СЕНТЯБРЬ В ПАРИЖЕ


.

По ложным слухам, оказавшимся, однако, пророческими и верными, о падении Вердена стало известно в Париже на несколько часов раньше, чем это произошло в действительности. 2 сентября приходится на воскресенье, и работа не мешает размышлениям. Верден потерян (хотя некоторые все еще отрицают это); пруссаки идут быстрым маршем с виселицами, огнем и фашинами![16] В наших собственных стенах 30 тысяч аристократов, и только ничтожная часть их брошена в тюрьмы! Ходят слухи, что даже и эти хотят возмутиться. Сиер Жан Жульен, вожирарский извозчик, выставленный в прошлую пятницу к позорному столбу, начал вдруг кричать, что он скоро будет отмщен, что заключенные в тюрьмах друзья короля восстанут, возьмут штурмом Тампль, посадят короля на коня и, соединившись с незаключенными, растопчут всех нас подковами на острых шипах.

Несчастный вожирарский извозчик вопил во всю силу своих легких, не переставая, даже когда его притащили в городскую Ратушу; и вчера вечером, когда его гильотинировали, он умер с пеной этого крика на губах. Ибо человек, прикованный к позорному столбу, легко может помешаться, а равно и все люди могут помешаться и «поверить ему», как безумные, именно потому, что предсказываемое им невозможно.
Так что, по-видимому, настал решительный кризис и последняя агония Франции.

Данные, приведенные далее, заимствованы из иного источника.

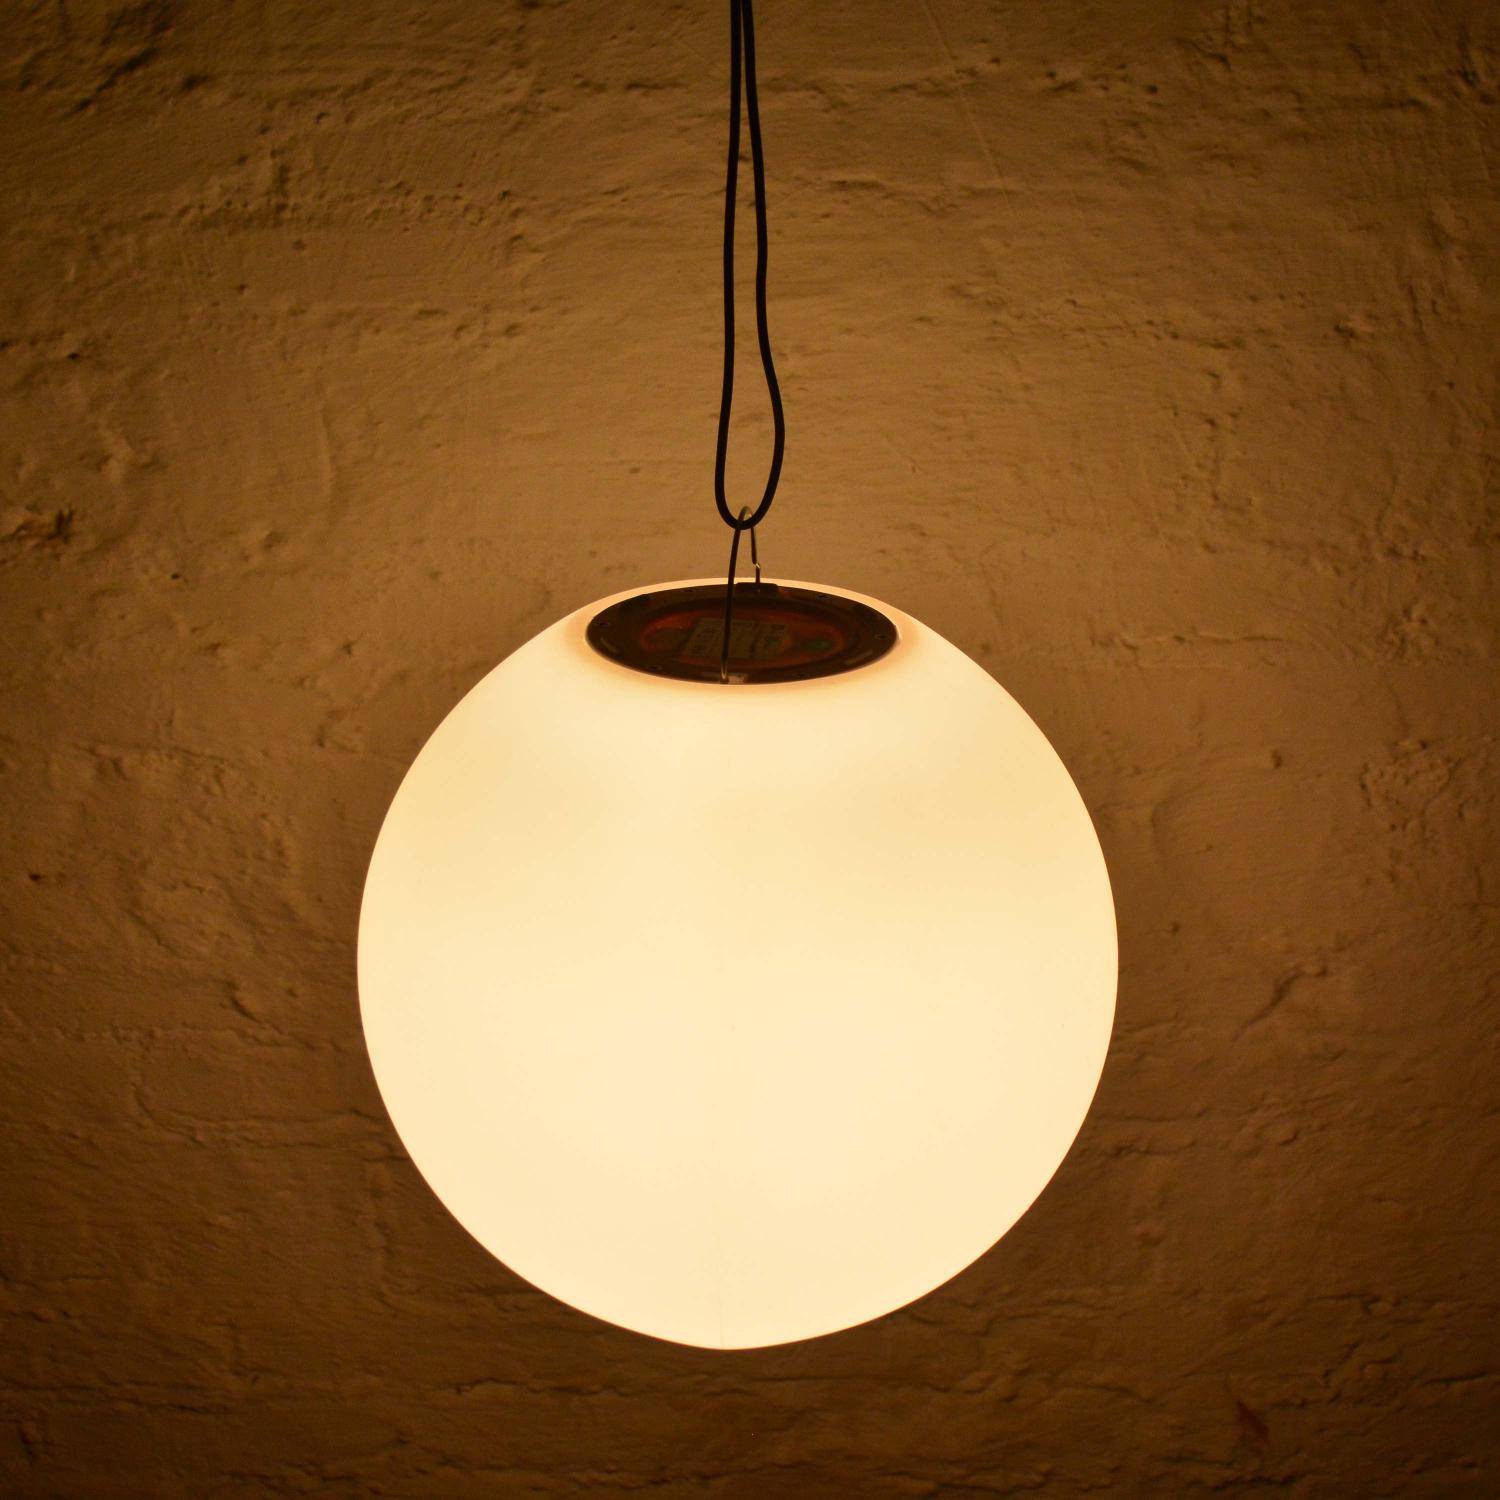 30cm spherical LED lamp – Decorative light sphere, remote control, Warm white,sweeek,Photo2

Встретьте же их должным образом, вы, импровизированная Коммуна, сильный Дантон и все сильные люди Франции! Читатели могут судить, успокоительно ли или безнадежно для человеческих душ развевался в этот день флаг «Отечество в опасности!».

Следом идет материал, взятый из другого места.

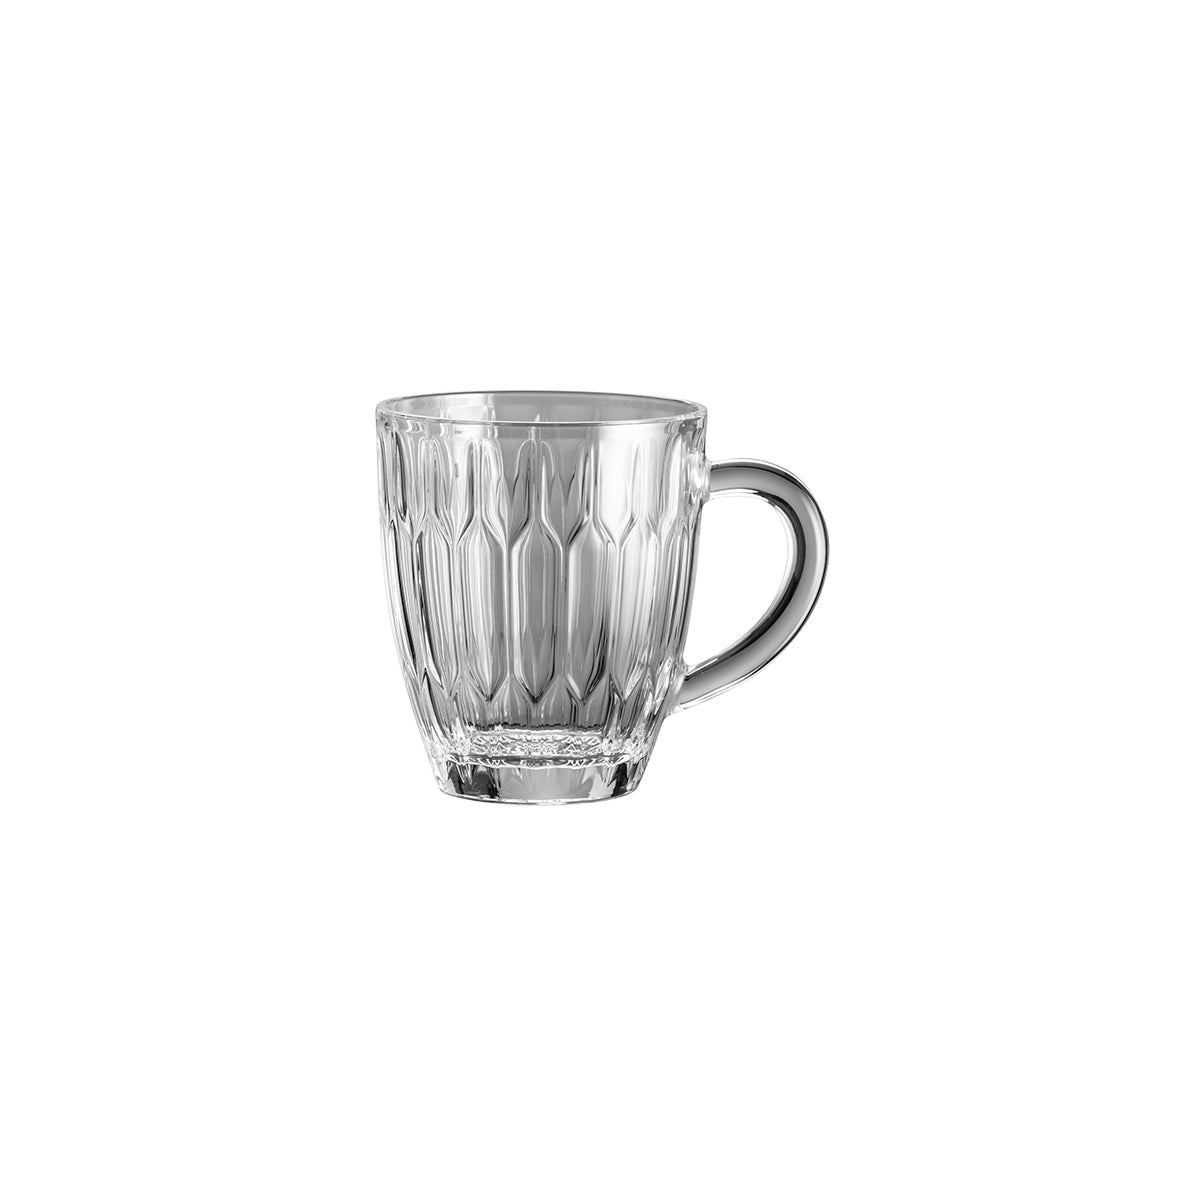 55.0118.0003 WMF Coffee / Tea Glass with Handle 295ml Tomkin Australia Hospitality Supplies

Но импровизированная Коммуна и строгий Дантон на своих постах, и каждый исполняет свое дело. Огромные плакаты расклеены по стенам; в два часа зазвонит набат и пушка выстрелит тревогу; все парижане устремятся к Марсову полю и будут записываться. Правда, они не вооружены и не обучены, но они полны силы ярости и отчаяния. Спешите, мужчины, а вы, женщины, предлагайте нести караулы, держа коричневый мушкет на плече; слабая наседка в отчаянии вцепляется в морду бульдогу и даже побеждает его силой своего натиска! Самый страх, сделавшись трансцендентальным, становится в некотором роде мужеством, подобно тому как достаточно сильный мороз, по словам поэта Мильтона[17], в конце концов начинает жечь. В Комитете общественной обороны Дантон сказал раз вечером, когда высказались все министры и законодатели, что им не следует покидать Париж и бежать в Сомюр, что они должны остаться в Париже и вести себя так, чтобы устрашить (faire peur) врагов, — слова, которые часто повторялись и были напечатаны курсивом.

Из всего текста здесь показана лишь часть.